You don’t know me. Tell me you understand.

“Are your actions truly your own?” he asked. “Or are you a tool, a machine, used by someone else, the same way you used those revivors back in the grinder?”

“Answer me. What are you going to do?”

He pushed open a hatch and the jacks behind me pushed me through after him. I stumbled through a bunch of junk and shell casings that were scattered across the floor. A big table had been knocked over and used as cover, but it looked like the bullets had gone straight through. Blood spatter had dried on the walls and floor, but the bodies were gone.

Before we could reach the door on the other side of the room, it opened and three guys stepped through. That made Buckster stop short, and I almost bumped into him. Two of the guys had guns, and one had a metal case in his hand. They made right for us and stopped in front of the old man.

“This the one?” one of them asked.

“Yes. What is this?”

The one with the case opened it and took out a big needle. It was full of black shit.

“What the fuck is that?” I asked.

“Hold her,” he said.

The jacks grabbed me from behind. One held my arms and another one held my head. I tried to move, but they had me pinned. It felt like my neck was going to break.

“What are you doing?” Buckster snapped.

“Don’t struggle,” a voice said in my ear.

“She’s not one of them!” the old man said. “She doesn’t want to be—”

One of the men bashed Buckster behind the ear with the grip of his gun, and he went down onto his knees. He leaned over, and dots of blood started to cover the floor in front of him.

“We don’t need him anymore,” someone said, and the guy that hit him aimed the gun at the back of his head.

“Wait!” I yelled, but never even got the word out before the shot went off. The old man jerked once and went facedown. Blood started to pool around his head.

“Hold her still,” one of the other men said.

The guy jabbed the needle into my neck, and I saw him push the plunger.

“I said hold her still!”

I had only one shot. I brute-forced my way through one of the M8s behind me and dropped in a virus that shunted the command hooks over to me. One, two, and three, they all came up in my HUD. I pulled up their specs, vitals, and visual feeds, then took control of them.

The gun went off behind me, and the guy with the syringe jerked as the back of his head blew out. The case fell out of his hand, and the needle spun across the floor as his body fell in a heap. The other two raised their guns, but they were too late; the jacks shot them to pieces.

With the command spokes in place, I had full control of all three. In the feeds they streamed over, I could see what they saw and hear what they heard. It was like being back in the grind.

Orders?

“Get me off this b—” I started to say, when a sharp pain stabbed me in the gut. It hurt like hell, and my link to the revivors almost cut when the JZI’s power dropped.

What the hell was that?

I pulled inventory from the jacks; they each had a sidearm, extra ammo, and three grenades. They were all strapped with enough C4 to sink the ship. I used another virus to turn off their inhibitors.

Orders?

“Get me the fuck off this boat now—”

The room spun, and I felt like I’d been drugged again. I set off a stim to cut through it as warnings flew past. My heart rate had dropped, but as the chemicals spread through my bloodstream, it spiked back up.

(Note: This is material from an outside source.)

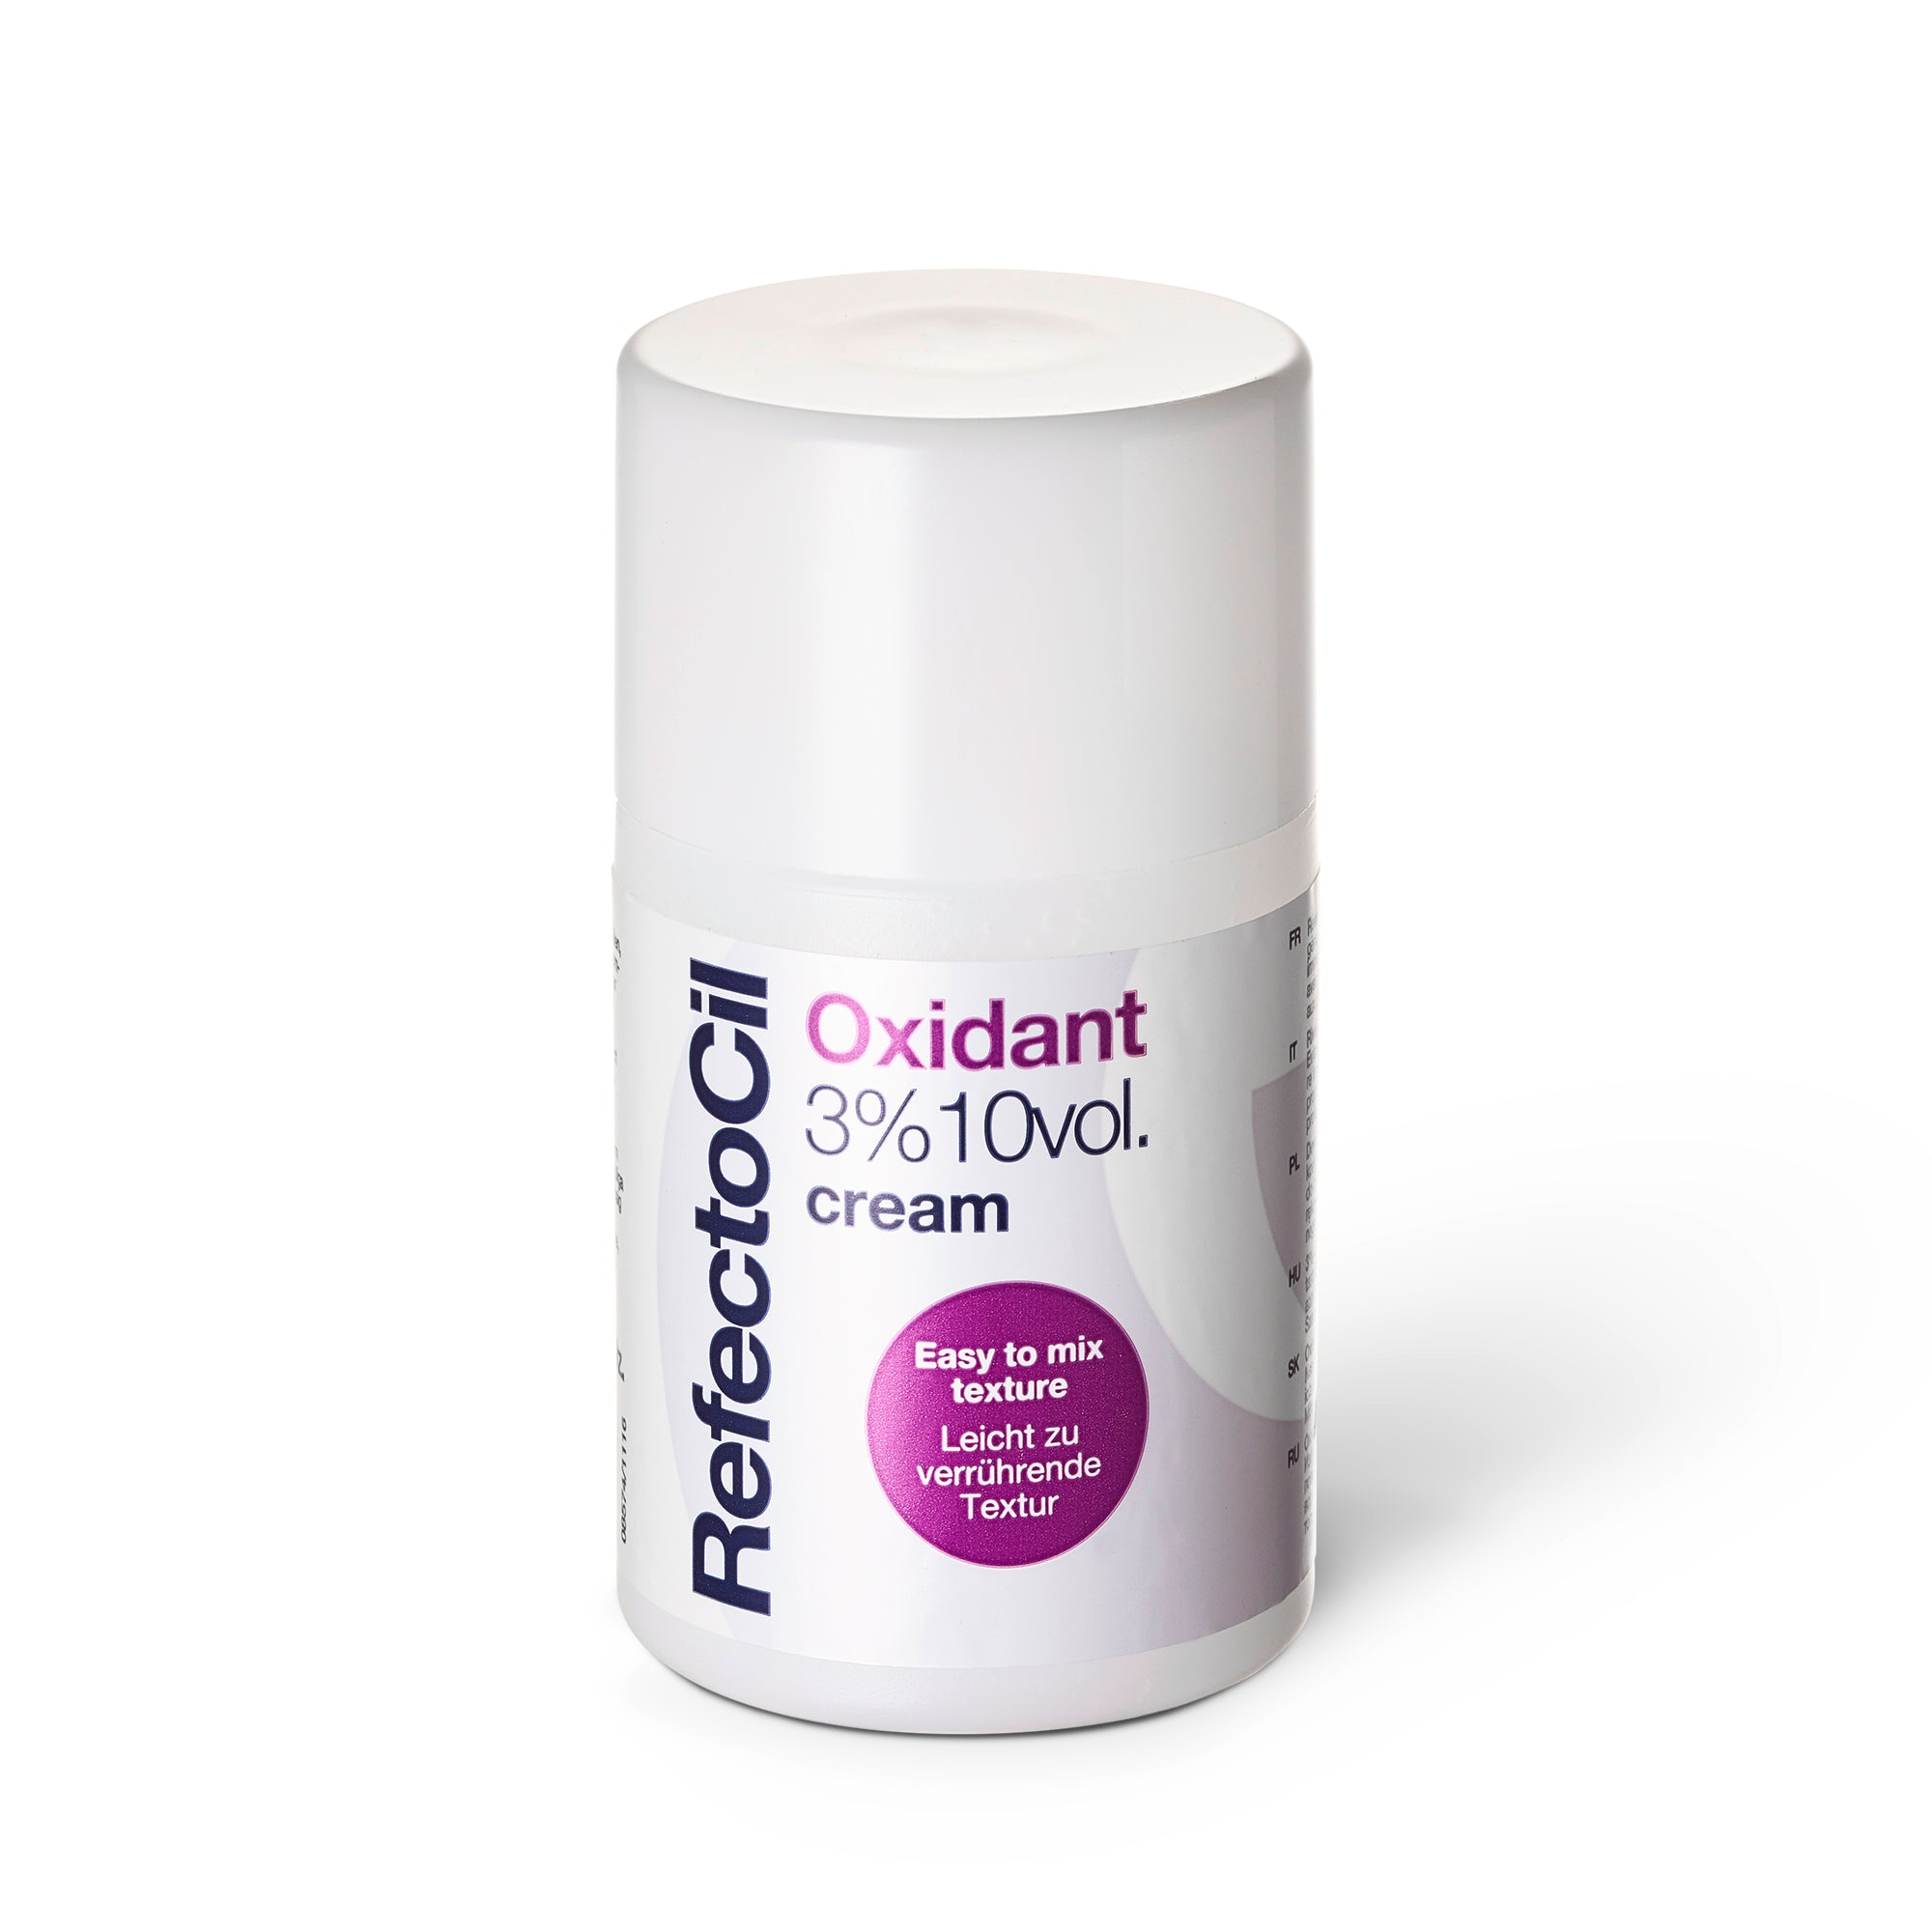 RefectoCil Oxidant 3% - Creata Beauty - Professional Beauty Products

The pain hit again, worse this time. It felt like a hot coal in my gut.

“What the fuck did they stick me with?”

I ran a check on my systems and saw that something in there was drawing power. Whatever it was, it wasn’t tied into the JZI’s control system. There was something inside me that didn’t belong there.

Orders?

Give me a layout of this place.

A map blinked on in front of me. There was a helicopter I couldn’t fly up top, and a small ship-to-shore craft down below. I set a route to it.